STUDY MATERIAL →
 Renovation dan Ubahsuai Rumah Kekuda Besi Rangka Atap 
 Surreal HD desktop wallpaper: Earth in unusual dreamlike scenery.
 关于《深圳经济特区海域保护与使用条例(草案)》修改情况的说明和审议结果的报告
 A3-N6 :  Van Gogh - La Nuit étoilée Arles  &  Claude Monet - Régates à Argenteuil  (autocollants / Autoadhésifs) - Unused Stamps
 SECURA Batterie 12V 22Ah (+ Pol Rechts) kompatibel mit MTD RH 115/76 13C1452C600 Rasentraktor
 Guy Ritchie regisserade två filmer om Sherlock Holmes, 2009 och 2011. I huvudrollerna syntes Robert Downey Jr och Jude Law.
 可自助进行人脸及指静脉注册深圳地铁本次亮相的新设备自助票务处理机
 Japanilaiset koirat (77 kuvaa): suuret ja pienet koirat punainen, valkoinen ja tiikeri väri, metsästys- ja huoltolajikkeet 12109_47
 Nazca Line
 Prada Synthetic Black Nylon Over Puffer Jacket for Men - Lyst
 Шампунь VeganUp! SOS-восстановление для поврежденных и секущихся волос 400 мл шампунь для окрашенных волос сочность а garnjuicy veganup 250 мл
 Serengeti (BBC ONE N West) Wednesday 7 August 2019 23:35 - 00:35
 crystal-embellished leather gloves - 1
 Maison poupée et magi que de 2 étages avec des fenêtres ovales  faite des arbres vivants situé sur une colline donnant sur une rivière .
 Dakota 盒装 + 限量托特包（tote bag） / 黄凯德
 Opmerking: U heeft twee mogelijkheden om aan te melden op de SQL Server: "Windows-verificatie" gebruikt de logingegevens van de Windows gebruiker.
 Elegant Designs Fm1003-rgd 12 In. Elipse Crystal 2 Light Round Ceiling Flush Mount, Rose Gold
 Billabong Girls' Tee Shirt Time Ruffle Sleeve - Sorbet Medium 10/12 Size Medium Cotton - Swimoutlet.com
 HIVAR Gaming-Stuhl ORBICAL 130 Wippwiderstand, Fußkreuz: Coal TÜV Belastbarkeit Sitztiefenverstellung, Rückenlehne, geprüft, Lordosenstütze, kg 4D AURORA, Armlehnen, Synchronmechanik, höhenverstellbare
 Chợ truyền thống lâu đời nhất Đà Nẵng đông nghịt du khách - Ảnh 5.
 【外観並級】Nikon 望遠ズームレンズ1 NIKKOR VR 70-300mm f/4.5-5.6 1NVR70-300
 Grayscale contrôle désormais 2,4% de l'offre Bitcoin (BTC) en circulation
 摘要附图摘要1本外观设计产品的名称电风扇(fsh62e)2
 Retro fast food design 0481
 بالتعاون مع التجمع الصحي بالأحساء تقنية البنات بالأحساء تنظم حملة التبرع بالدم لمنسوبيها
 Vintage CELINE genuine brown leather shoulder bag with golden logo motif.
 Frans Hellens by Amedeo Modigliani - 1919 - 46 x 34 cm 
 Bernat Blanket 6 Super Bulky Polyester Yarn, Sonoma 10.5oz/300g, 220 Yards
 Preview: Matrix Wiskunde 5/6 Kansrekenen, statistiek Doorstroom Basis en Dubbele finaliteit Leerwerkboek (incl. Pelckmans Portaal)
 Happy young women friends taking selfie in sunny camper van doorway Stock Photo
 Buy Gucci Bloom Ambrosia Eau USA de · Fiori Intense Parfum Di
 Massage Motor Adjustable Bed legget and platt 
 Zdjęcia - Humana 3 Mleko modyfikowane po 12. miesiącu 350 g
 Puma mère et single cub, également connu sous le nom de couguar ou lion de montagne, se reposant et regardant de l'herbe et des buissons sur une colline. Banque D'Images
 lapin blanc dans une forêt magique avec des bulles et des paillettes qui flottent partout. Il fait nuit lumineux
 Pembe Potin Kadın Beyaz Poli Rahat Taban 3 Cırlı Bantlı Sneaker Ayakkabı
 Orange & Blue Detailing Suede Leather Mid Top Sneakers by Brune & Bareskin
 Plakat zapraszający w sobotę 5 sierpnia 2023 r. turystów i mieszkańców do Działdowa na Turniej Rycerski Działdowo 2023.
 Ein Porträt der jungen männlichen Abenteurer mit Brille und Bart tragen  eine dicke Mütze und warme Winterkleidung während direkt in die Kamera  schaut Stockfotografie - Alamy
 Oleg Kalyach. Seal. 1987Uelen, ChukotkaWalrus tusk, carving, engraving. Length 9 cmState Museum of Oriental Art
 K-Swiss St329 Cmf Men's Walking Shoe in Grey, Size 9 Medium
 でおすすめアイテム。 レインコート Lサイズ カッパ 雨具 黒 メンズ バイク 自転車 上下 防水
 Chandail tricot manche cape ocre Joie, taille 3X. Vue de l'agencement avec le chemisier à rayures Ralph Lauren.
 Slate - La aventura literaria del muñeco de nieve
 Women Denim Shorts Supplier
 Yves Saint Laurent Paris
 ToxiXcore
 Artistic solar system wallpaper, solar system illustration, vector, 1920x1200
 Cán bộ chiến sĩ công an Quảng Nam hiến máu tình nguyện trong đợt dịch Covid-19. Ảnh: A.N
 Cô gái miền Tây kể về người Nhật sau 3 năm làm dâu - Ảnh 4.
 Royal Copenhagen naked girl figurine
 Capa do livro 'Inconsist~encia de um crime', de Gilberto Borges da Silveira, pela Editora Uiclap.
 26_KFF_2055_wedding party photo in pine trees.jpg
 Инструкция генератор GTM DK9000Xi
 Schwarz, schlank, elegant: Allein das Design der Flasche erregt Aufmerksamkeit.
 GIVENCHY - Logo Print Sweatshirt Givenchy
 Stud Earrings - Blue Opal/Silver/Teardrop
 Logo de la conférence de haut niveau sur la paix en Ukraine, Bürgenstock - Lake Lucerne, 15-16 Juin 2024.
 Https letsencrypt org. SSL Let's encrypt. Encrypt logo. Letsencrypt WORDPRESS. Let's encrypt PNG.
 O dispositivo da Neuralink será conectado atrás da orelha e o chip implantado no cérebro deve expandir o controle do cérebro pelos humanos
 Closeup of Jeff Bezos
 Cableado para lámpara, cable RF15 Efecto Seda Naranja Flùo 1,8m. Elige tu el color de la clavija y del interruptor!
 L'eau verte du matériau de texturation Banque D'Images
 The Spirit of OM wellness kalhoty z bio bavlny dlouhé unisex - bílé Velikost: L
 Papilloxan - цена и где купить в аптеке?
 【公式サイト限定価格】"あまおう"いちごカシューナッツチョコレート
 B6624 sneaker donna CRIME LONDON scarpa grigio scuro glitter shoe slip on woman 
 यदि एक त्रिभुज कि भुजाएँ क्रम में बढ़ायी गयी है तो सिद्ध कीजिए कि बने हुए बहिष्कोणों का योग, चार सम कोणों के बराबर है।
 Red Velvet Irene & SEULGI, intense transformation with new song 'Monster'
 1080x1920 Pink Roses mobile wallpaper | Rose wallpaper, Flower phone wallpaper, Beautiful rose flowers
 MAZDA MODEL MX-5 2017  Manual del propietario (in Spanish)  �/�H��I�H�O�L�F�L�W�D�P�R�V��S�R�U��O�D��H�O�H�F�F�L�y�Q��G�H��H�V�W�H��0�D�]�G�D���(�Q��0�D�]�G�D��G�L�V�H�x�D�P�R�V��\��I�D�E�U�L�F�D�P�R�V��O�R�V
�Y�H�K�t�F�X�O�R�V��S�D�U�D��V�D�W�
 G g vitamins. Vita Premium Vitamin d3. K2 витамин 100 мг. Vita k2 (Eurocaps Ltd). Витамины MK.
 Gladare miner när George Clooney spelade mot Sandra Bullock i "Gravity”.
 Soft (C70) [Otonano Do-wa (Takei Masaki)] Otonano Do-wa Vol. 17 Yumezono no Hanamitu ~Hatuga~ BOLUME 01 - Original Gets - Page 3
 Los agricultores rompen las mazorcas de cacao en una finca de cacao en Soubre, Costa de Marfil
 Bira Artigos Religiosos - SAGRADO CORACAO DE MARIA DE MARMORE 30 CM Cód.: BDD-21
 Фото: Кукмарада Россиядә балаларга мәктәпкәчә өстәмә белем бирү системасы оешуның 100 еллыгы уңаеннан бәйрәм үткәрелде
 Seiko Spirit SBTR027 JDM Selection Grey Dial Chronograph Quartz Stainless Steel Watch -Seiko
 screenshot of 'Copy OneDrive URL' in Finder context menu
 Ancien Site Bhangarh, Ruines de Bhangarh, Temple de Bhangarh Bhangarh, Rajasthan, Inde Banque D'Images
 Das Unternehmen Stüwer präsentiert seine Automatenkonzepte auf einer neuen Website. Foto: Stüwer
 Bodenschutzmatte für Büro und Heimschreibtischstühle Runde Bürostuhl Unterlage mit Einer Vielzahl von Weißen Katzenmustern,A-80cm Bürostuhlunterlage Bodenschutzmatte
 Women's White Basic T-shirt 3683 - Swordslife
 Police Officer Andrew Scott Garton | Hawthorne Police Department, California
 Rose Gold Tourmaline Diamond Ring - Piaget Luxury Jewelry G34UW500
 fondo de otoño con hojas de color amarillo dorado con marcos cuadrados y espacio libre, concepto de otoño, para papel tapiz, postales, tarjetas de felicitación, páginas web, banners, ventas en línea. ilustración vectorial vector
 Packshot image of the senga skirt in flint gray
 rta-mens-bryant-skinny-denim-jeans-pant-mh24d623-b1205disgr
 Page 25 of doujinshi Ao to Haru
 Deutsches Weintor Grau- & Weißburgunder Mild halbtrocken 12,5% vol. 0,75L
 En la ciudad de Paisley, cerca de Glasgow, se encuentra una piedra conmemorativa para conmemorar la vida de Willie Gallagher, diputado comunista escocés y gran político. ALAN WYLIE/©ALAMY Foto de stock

TASK STATEMENT → Write out exactly the lines above between the line with "26_KFF_2055_wedding party photo" and the line with "Logo de la conférence", inclusive, and nothing beyond them.

REPLY →
 26_KFF_2055_wedding party photo in pine trees.jpg
 Инструкция генератор GTM DK9000Xi
 Schwarz, schlank, elegant: Allein das Design der Flasche erregt Aufmerksamkeit.
 GIVENCHY - Logo Print Sweatshirt Givenchy
 Stud Earrings - Blue Opal/Silver/Teardrop
 Logo de la conférence de haut niveau sur la paix en Ukraine, Bürgenstock - Lake Lucerne, 15-16 Juin 2024.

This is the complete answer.